2. A low resistance elastic connector as claimed in Claim 1, wherein of the outmost surfaces of said filaments, such portions that come to contact with other parts on electric connection are coated with good conductors having a Brinell hardness of not more than 70.

3. A low resistance elastic connector as claimed in Claims (1) or (2), wherein the volume resistivity is not more than 0.02n.cm.

4. A low resistance elastic connector as claimed in any of Claims (1), (2) or (3), wherein said filaments protrude from both surfaces of an electric insulating elastomer.

5. A low resistance elastic connector as claimed in Claim (4), wherein the length of protrusions is 3 to 50µ.

6. A low resistance elastic connector as claimed in any of Claims (1), (2), (3), (4) or (5), wherein said good conductors are allowed to cover all over the surface of a ferro-magnetic material.

7. A low resistance elastic connector as claimed in Claim (6), wherein said ferro-magnetic material is coated with copper, further coated or not coated with nickel and still further coated with gold.

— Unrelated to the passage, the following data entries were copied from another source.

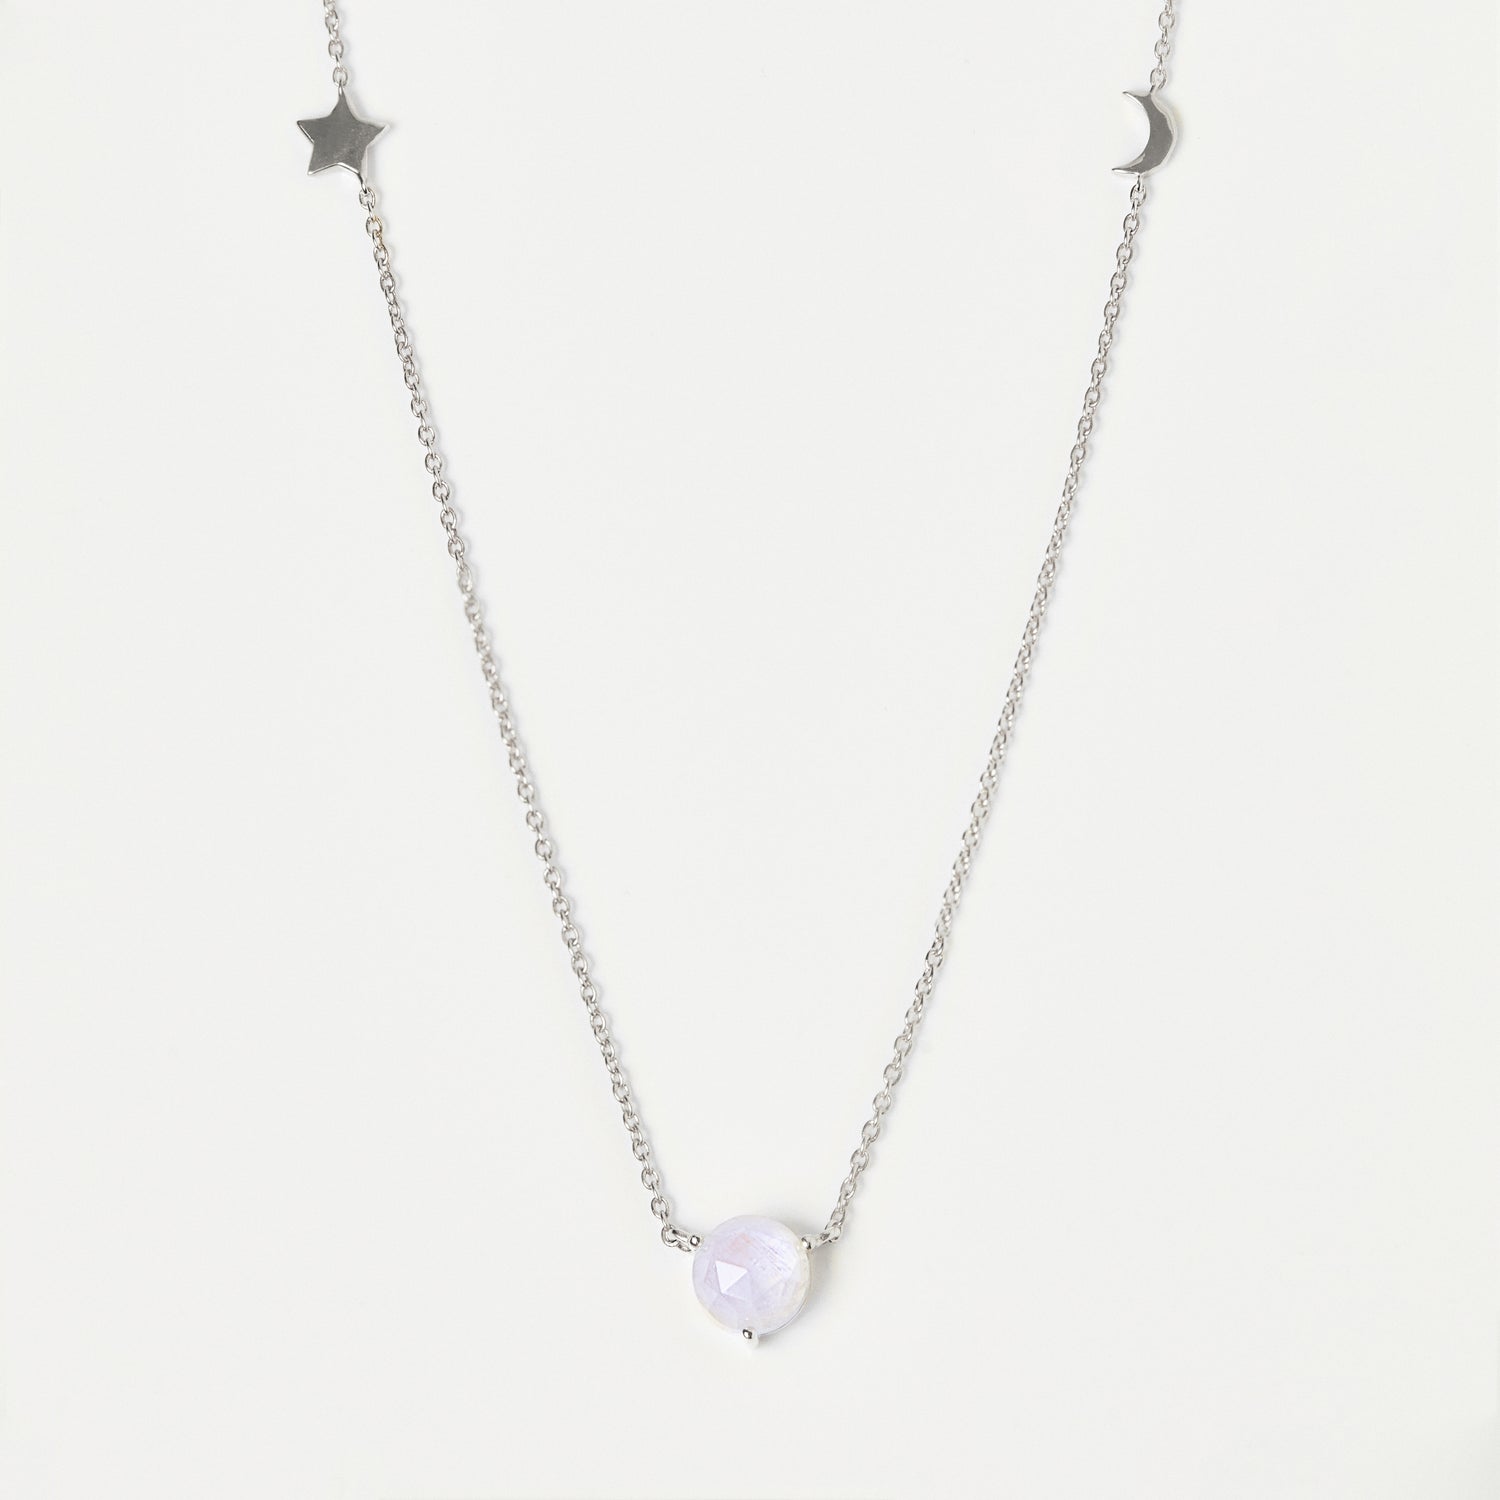 Dreamcatcher Necklace in Sterling Silver - Necklace - Carrie Elizabeth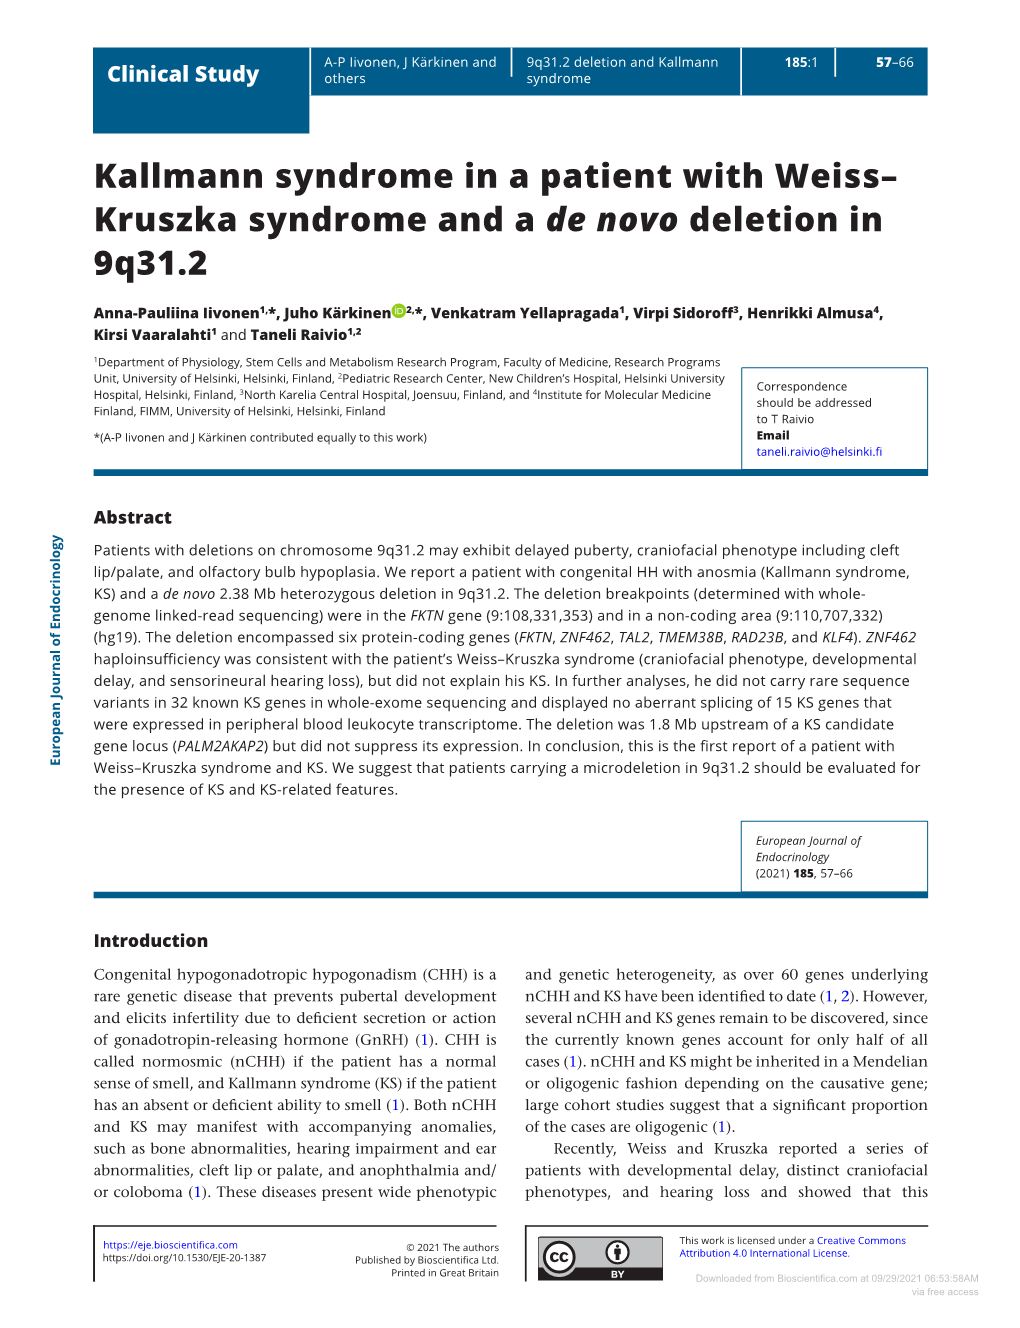 Kruszka Syndrome and a De Novo Deletion in 9Q31.2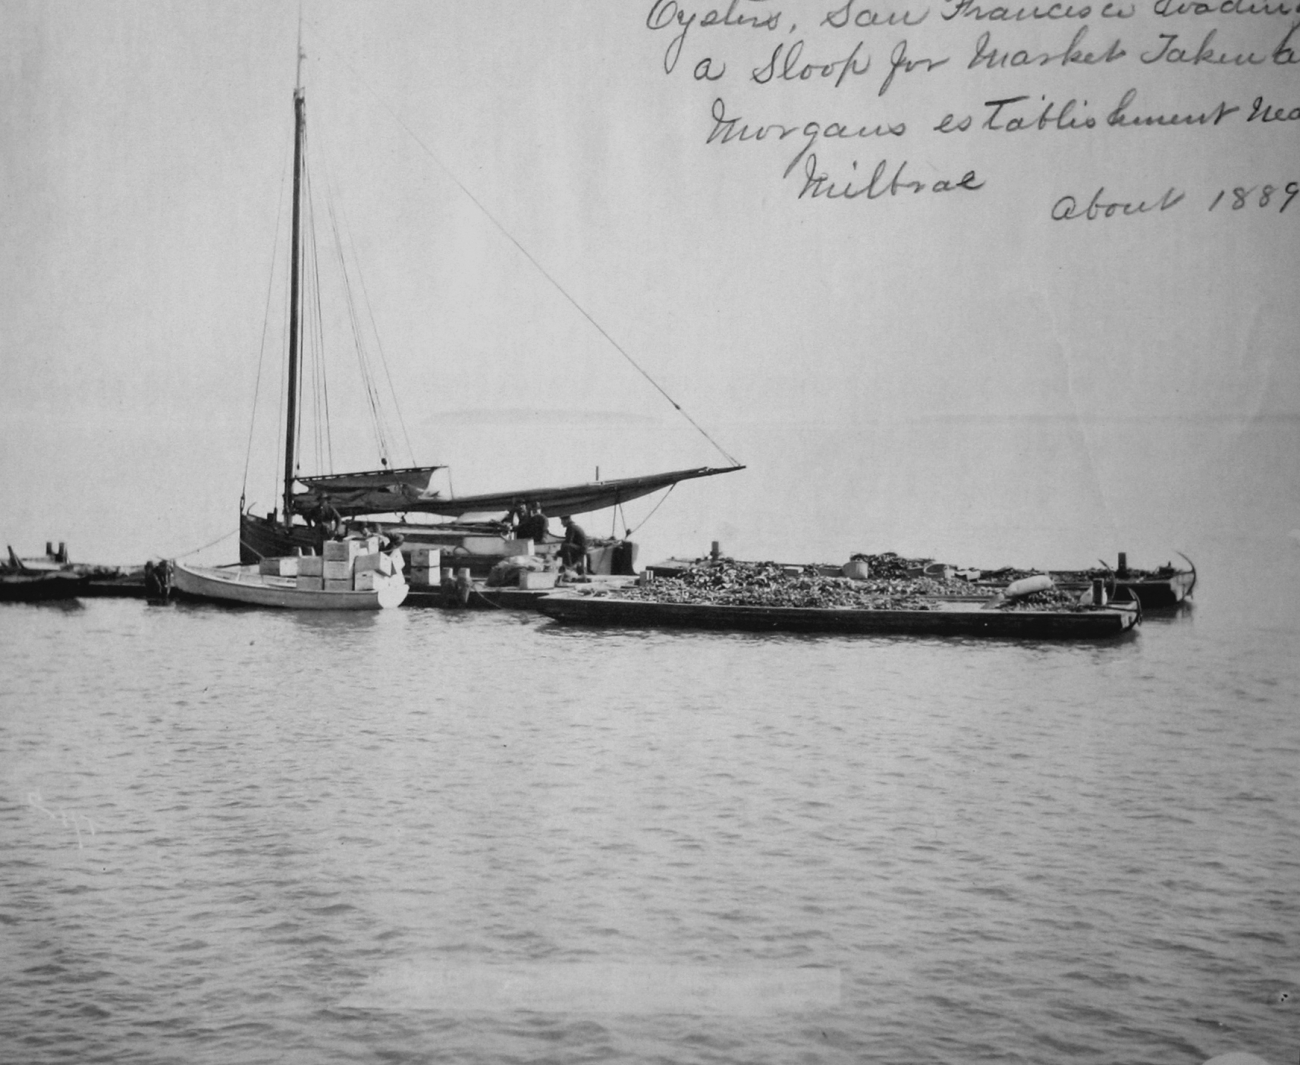 Oysters, San Francisco, CA, loading a sloop for market taken toMorgans establishment near Milbrae, about 1889

8. A method of preparing a low resistance elastic connector, which comprises at least:

(a) arranging a plural of ferro-magnetic materials in a definite direction, hardening them with a resin, cutting the resultant product into a predetermined length and then removing the resin to provide filaments,

(b) coating all over the surfaces of said filaments with good conductors by means of electroless plating or vacuum evaporation,

(c) adhering an unhardened elastomer to the filaments coated with good conductors and

(d) applying a magnetic field to said mixture, arranging the filaments in the thickness direction and then hardening said unhardened elastomer.

9. A method of preparing a low resistance elastic connector as claimed in Claim (8), wherein the electroless plating is conducted with copper and gold in two layers in that order.